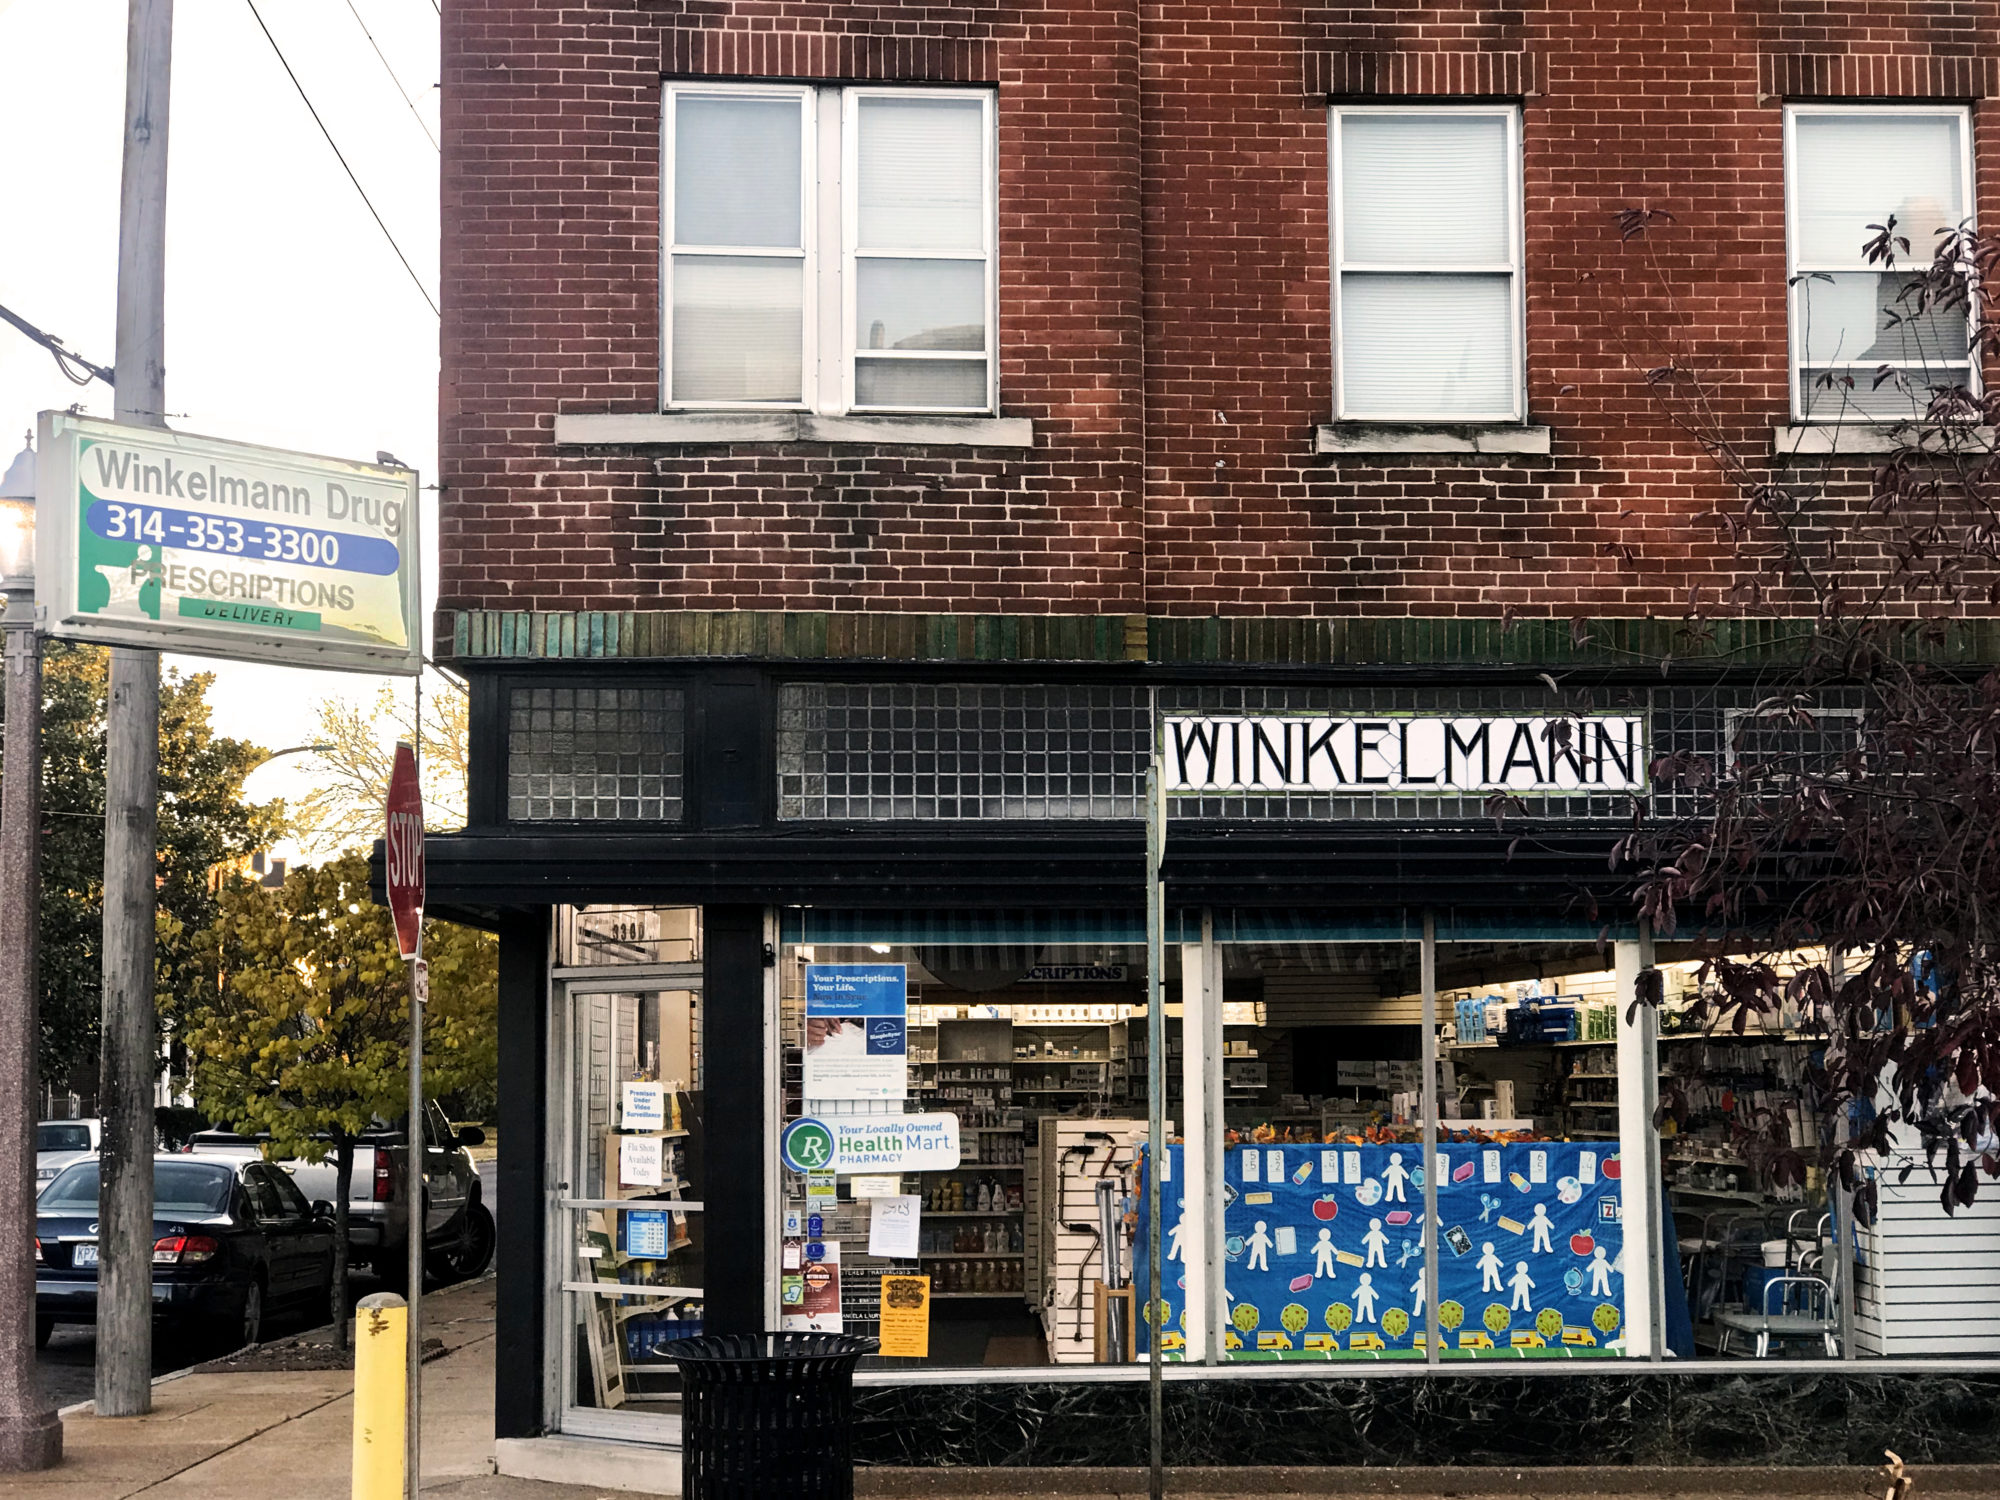 Winkelmann Drug at the corner of Meramec Street and Virginia Avenue in Downtown Dutchtown, St. Louis, MO.
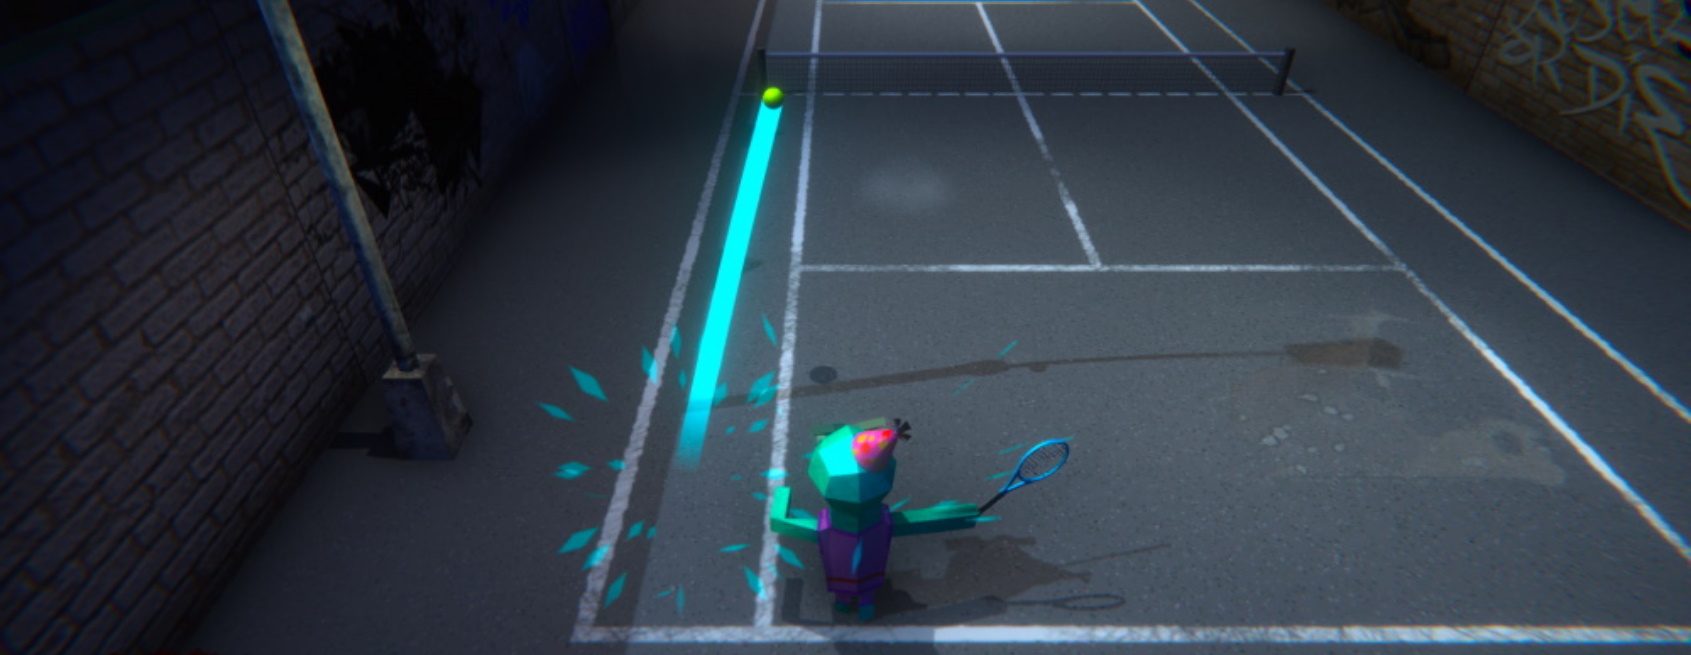 Tennis Street - Simulating tennis (#2): Targeting the ball
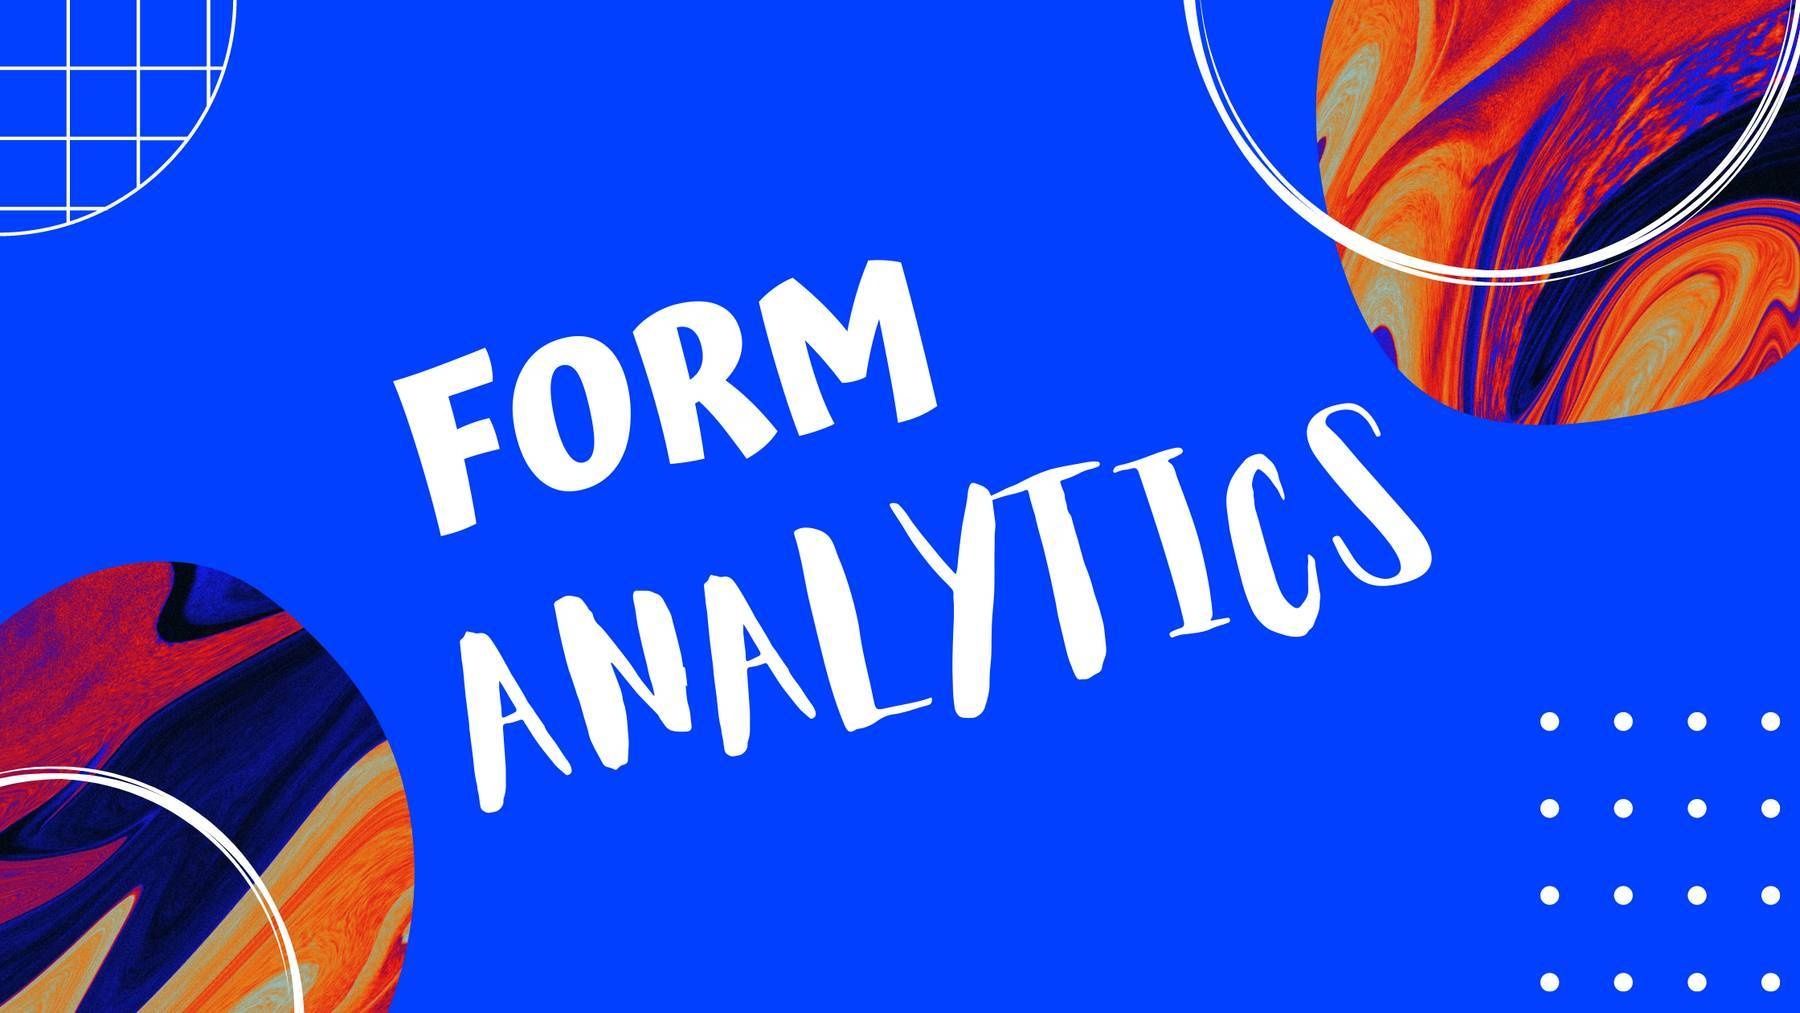 Form analytics
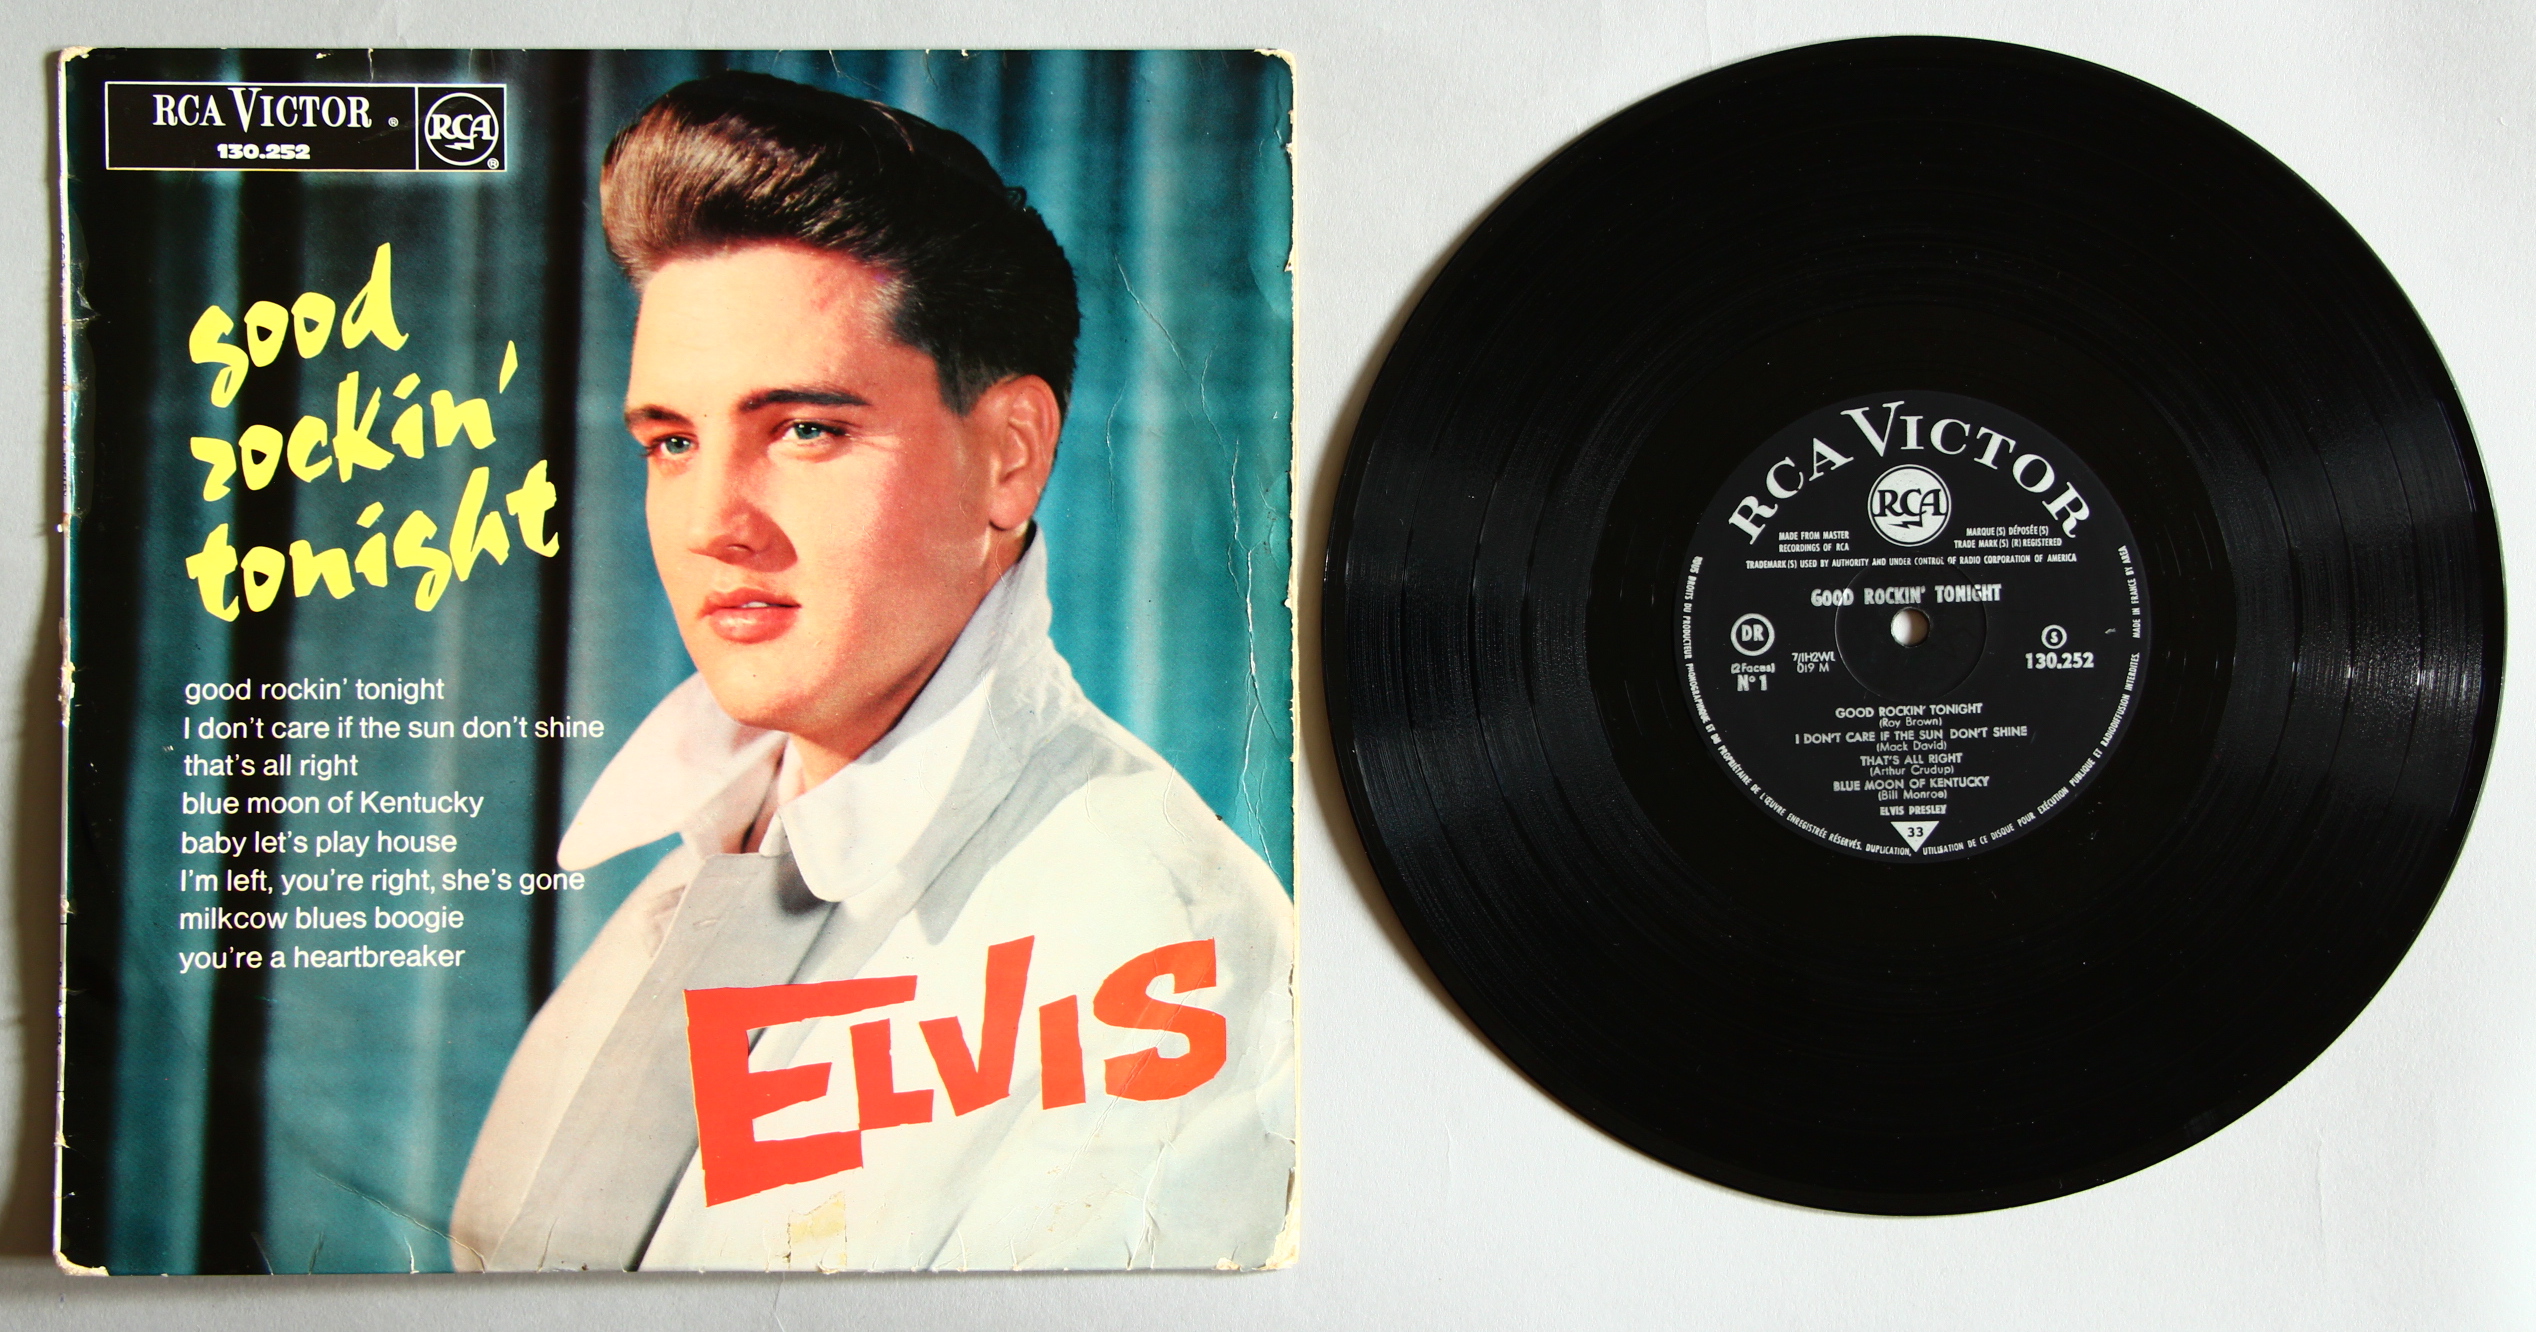 Elvis Presley Rare French 10 inch vinyl record "Good Rockin Tonight" original pressing 130.252.

> _Directions for this task_:
Reproduce the entire listing exactly, except for any pictures it contains.

> _Exercise output_:
 Winkelmann Drug at the corner of Meramec Street and Virginia Avenue in Downtown Dutchtown, St. Louis, MO.
 Tennis Street - Simulating tennis (#2): Targeting the ball
 Form analytics
 Elvis Presley Rare French 10 inch vinyl record "Good Rockin Tonight" original pressing 130.252.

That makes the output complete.